Leur importance est double :

  1. Ils sont déductibles de votre revenu imposable (en régime réel), ce qui réduit mécaniquement vos cotisations sociales et votre IPP.
  2. Ils représentent un coût réel à anticiper dans votre plan financier.

Exemples de frais déductibles en Belgique

  • Achat de matériel (ordinateur, outillage, équipements)
  • Abonnements logiciels et outils numériques
  • Frais de déplacement professionnel (indemnité kilométrique, transport, hébergement)
  • Quote-part professionnelle de votre logement si vous travaillez depuis chez vous
  • Frais de formation et documentation professionnelle
  • Honoraires comptables ou juridiques
  • Frais bancaires du compte professionnel
  • Publicité et communication
  • Voiture de société (avec règles spécifiques selon le type de véhicule et son émission de CO₂)

La condition fondamentale : le lien avec l’activité

Pour qu’une dépense soit déductible, elle doit répondre à deux critères : elle doit être engagée dans le but d’acquérir ou de conserver des revenus professionnels, et vous devez pouvoir le justifier avec des factures ou preuves de paiement.
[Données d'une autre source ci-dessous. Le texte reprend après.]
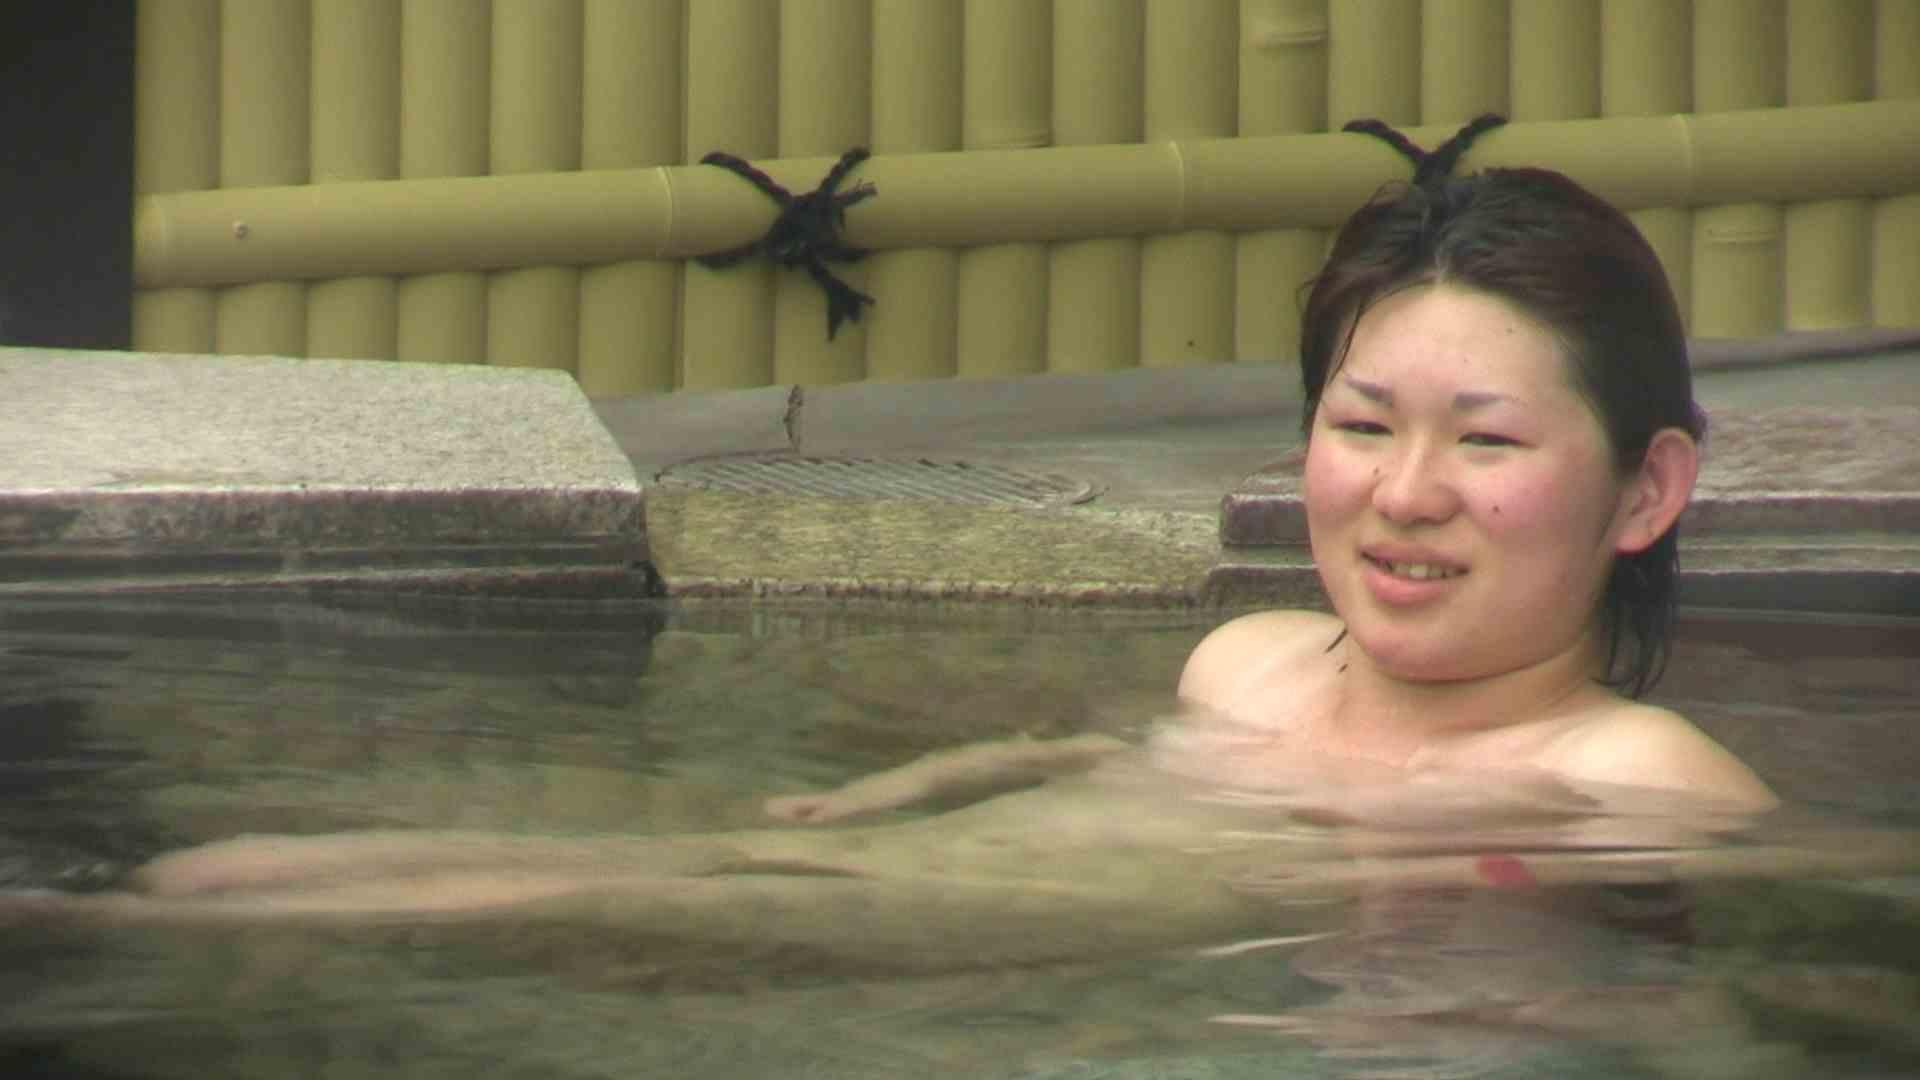 Aquaな露天風呂Vol.673 0   0  91pic 81

En cas de contrôle fiscal, l’administration peut contester des frais qui semblent personnels ou disproportionnés.

En résumé : ce qu’il faut retenir

ChargeQui la reçoit (Belgique)Sur quelle baseQuand payer
Cotisations socialesINASTI via votre caisseRevenu net imposableChaque trimestre
IPPSPF FinancesRevenu net imposableVersements anticipés (mars, juin, sept., déc.)
TVASPF FinancesChiffre d’affaires HTMensuellement ou trimestriellement
Frais professionnelsVos fournisseursAu fil de l’eau

La règle d’or : provisionnez dès le premier euro encaissé. Une bonne pratique consiste à mettre de côté entre 30 % et 40 % de chaque encaissement pour couvrir cotisations sociales, IPP et TVA éventuelle. Le chiffre exact dépend de votre statut, de votre niveau de revenus et de votre situation familiale c’est là qu’un comptable fait toute la différence.